TASK TO COMPLETE = In the entries below, find the line containing "Labyrinth-Verwirrung-Konzept als eine" and the line containing "Kellogg entra en". Copy those two lines and everything between them exactly, and only that.

===== PROVIDED RECORDS =====

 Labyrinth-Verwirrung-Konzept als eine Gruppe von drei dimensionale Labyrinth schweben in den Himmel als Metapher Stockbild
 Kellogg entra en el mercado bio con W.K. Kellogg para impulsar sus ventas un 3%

=====
===== PROVIDED RECORDS =====

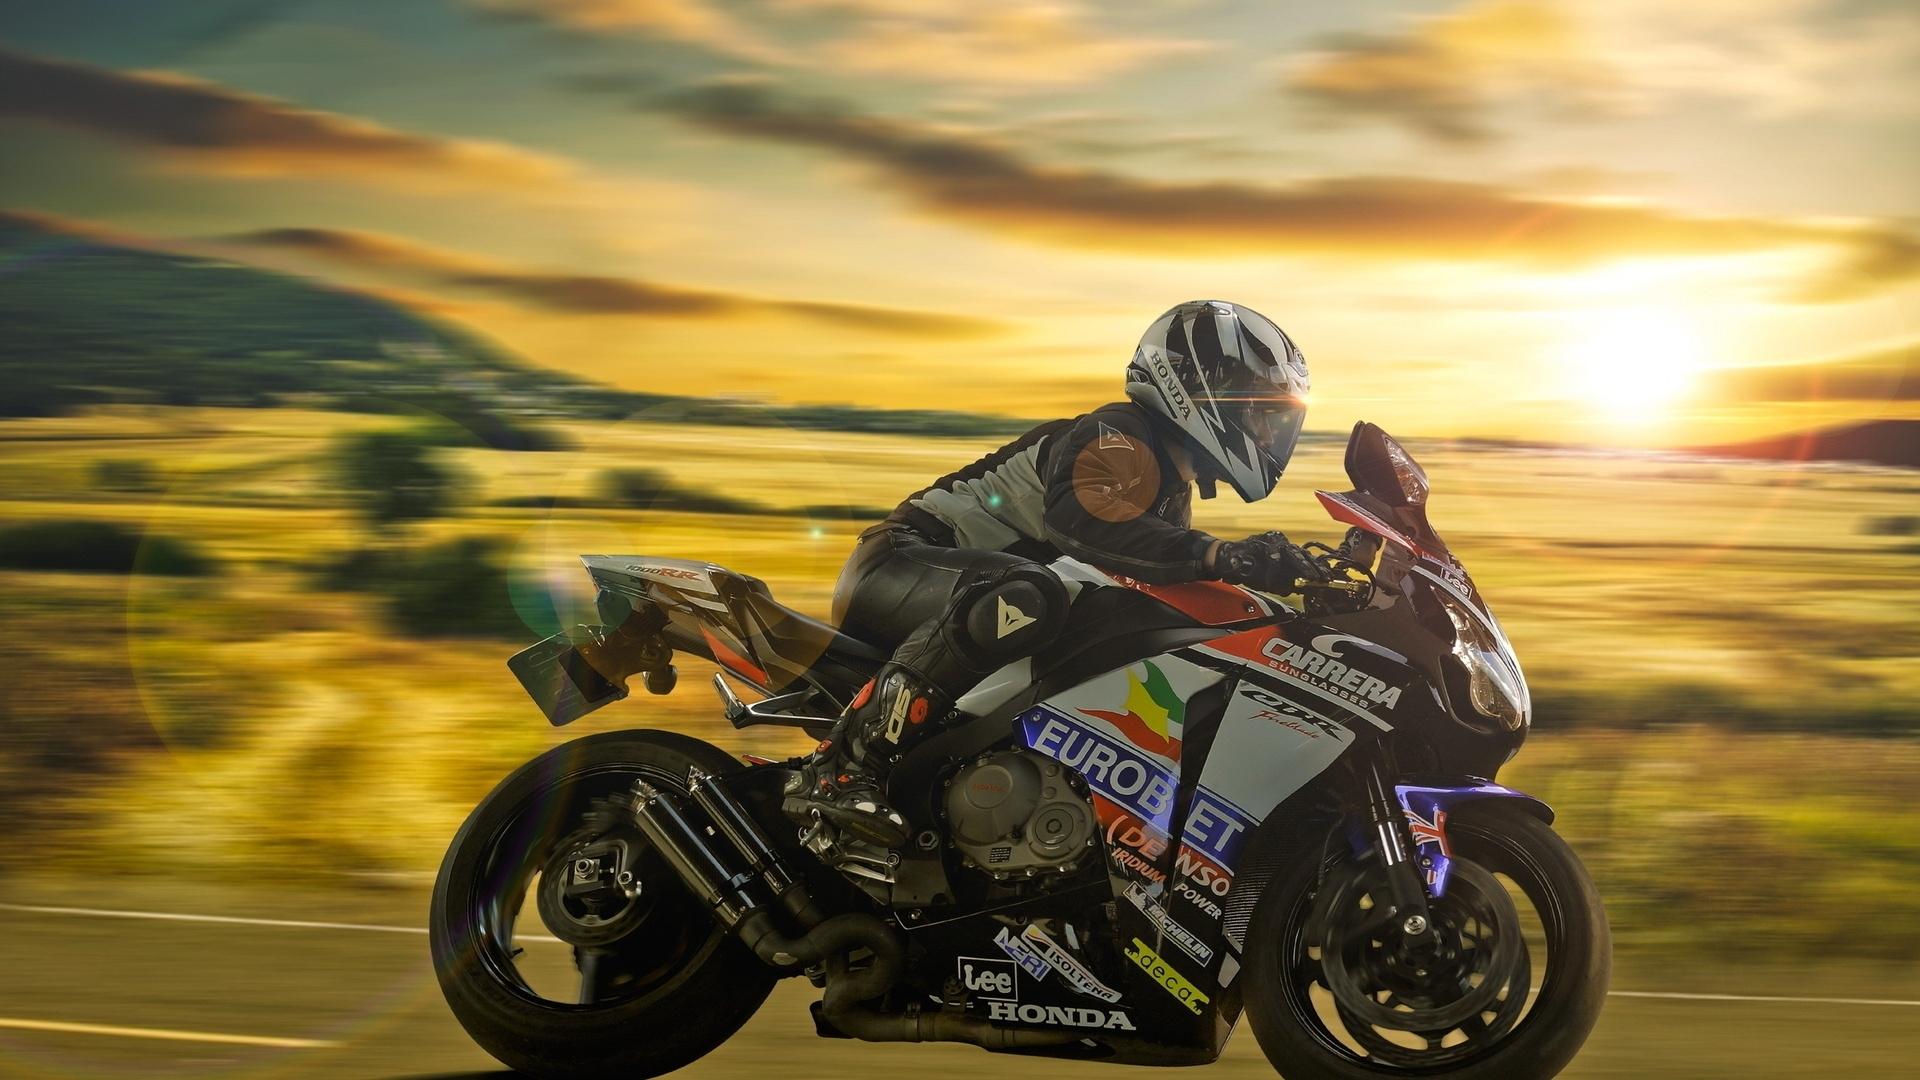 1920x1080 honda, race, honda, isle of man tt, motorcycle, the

=====

TASK RESPONSE =
 Labyrinth-Verwirrung-Konzept als eine Gruppe von drei dimensionale Labyrinth schweben in den Himmel als Metapher Stockbild
 Kellogg entra en el mercado bio con W.K. Kellogg para impulsar sus ventas un 3%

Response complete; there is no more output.